Guru’s Indian Cuisine’s move to a vegetarian menu was not well-received. The butter chicken is back at the Bucks County bar-restaurant and so are the customers.

Human Robot’s satellite space at Schuylkill Banks (2401 Walnut St.) will be open and serving its beer lineup on Monday nights through Oct. 28, while vermouth specialist Fell to Earth of East Falls will run a vermouth bar; winery Vox Vineti of Christiana, Pa., will offer wines; and Little Fish of Bella Vista will serve a rotating menu of small bites. The weekly pop-up, running 5-9 p.m., is pay as you go.

The chefs from South Philly’s Paffuto — Daniel Griffiths, Jake Loeffler, and Sam Kalkut — will join Eric Leveillee, executive chef at Lacroix at the Rittenhouse, for a one-time multi-course dinner at the Rittenhouse Square restaurant on Oct. 6. Three limited seatings, with only 10 guests per turn, will start at 5:30, 6:30, and 7:30 p.m. at $125pp plus tax and tip, with an optional beverage pairing available.

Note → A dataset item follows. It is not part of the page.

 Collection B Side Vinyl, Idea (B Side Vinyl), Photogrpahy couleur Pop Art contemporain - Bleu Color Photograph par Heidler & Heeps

Reservations via Lacroix’s Resy page.

East Passyunk Avenue will run First Friday art walks starting Oct. 4 from 5 to 9 p.m. between the 1300 and 1900 blocks of East Passyunk with various participating businesses. Subsequent outings will be Nov. 1 and Dec. 6.

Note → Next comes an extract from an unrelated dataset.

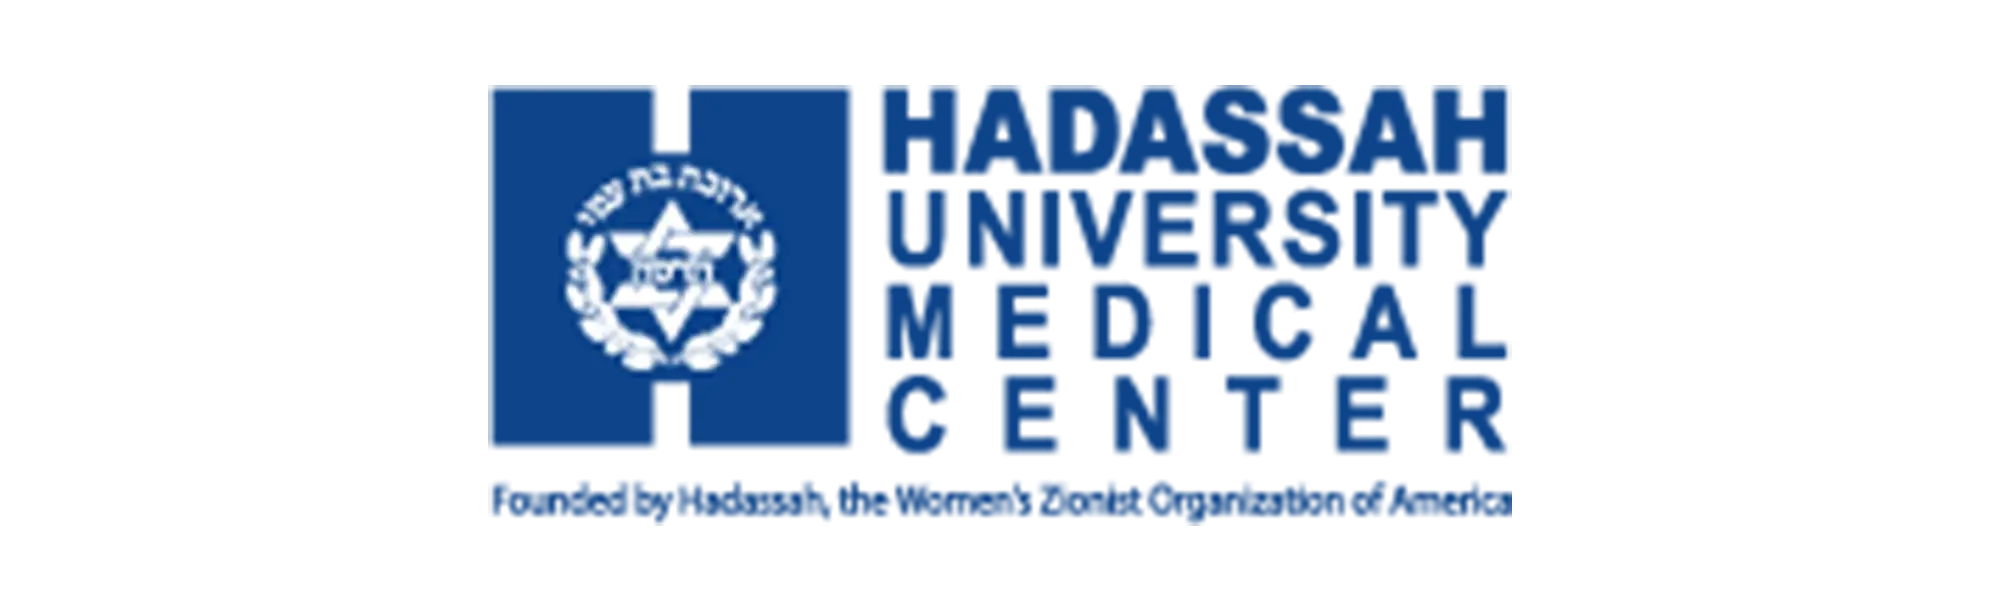 Hadassah medical centers

Wine writer Marnie Old has found a good value for your cabernet sauvignon snobs.

Why might your cup of coffee be more expensive? Blame the heat and drought in Brazil and Vietnam.

❓Pop quiz

Wawa recently opened its first store in central Pennsylvania, aka “Sheetz country.” What kind of creature is Wawa’s mascot, Wally?

A) a goose

B) a turtle

C) a walrus

D) a ruffed grouse

Find out if you know the answer.

Ask Mike anything

My wife and I moved back to Philly six years ago after 25 years in New Jersey to raise a family. Since our return, we have been wracking our brains about the name of a restaurant we ate at before we were married, in the late ’80s maybe early ’90s. It was a steakhouse located on Delaware Avenue in a warehouse building — lots of exposed brick, high ceilings and black-and-white photos of old Hollywood legends. Know what it was? — Michael and Bonnie K.

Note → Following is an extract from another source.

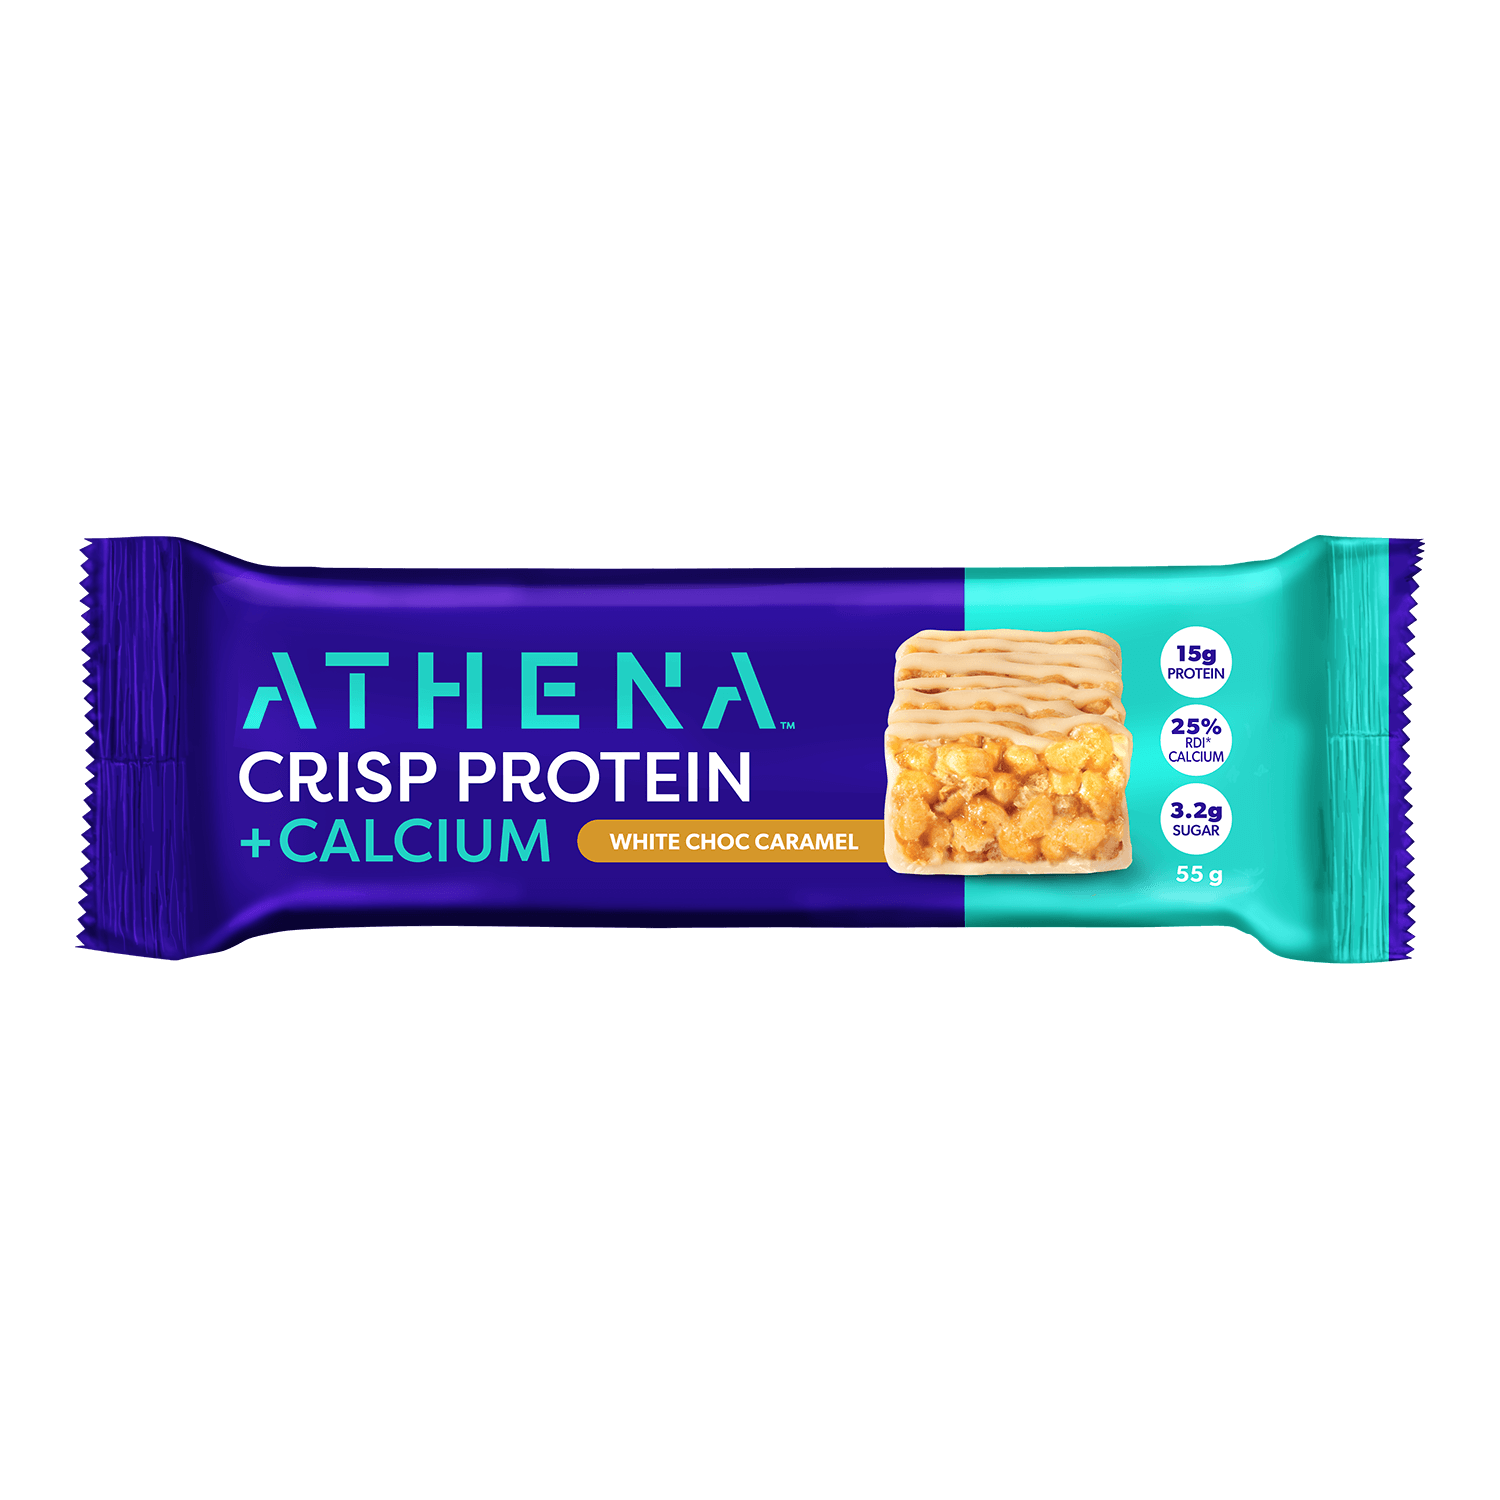 Crisp Protein + Calcium

That was Babe’s, which was in Imperial Plaza (3400 Aramingo Ave.) from 1988 till 1992. Developer Frederick “Babe” Kozlowski created the grand steakhouse with live music as an ode to his native Port Richmond. One newspaper columnist at the time said his tab for a steak dinner for two, including drinks and tip, was a princely $78.58. That’s $209.10 in 2024 dollars — now a relative bargain. (For more background, I clipped you a Jim Quinn column from Inquirer Magazine.) The Babe’s space, incidentally, is now an IHOP.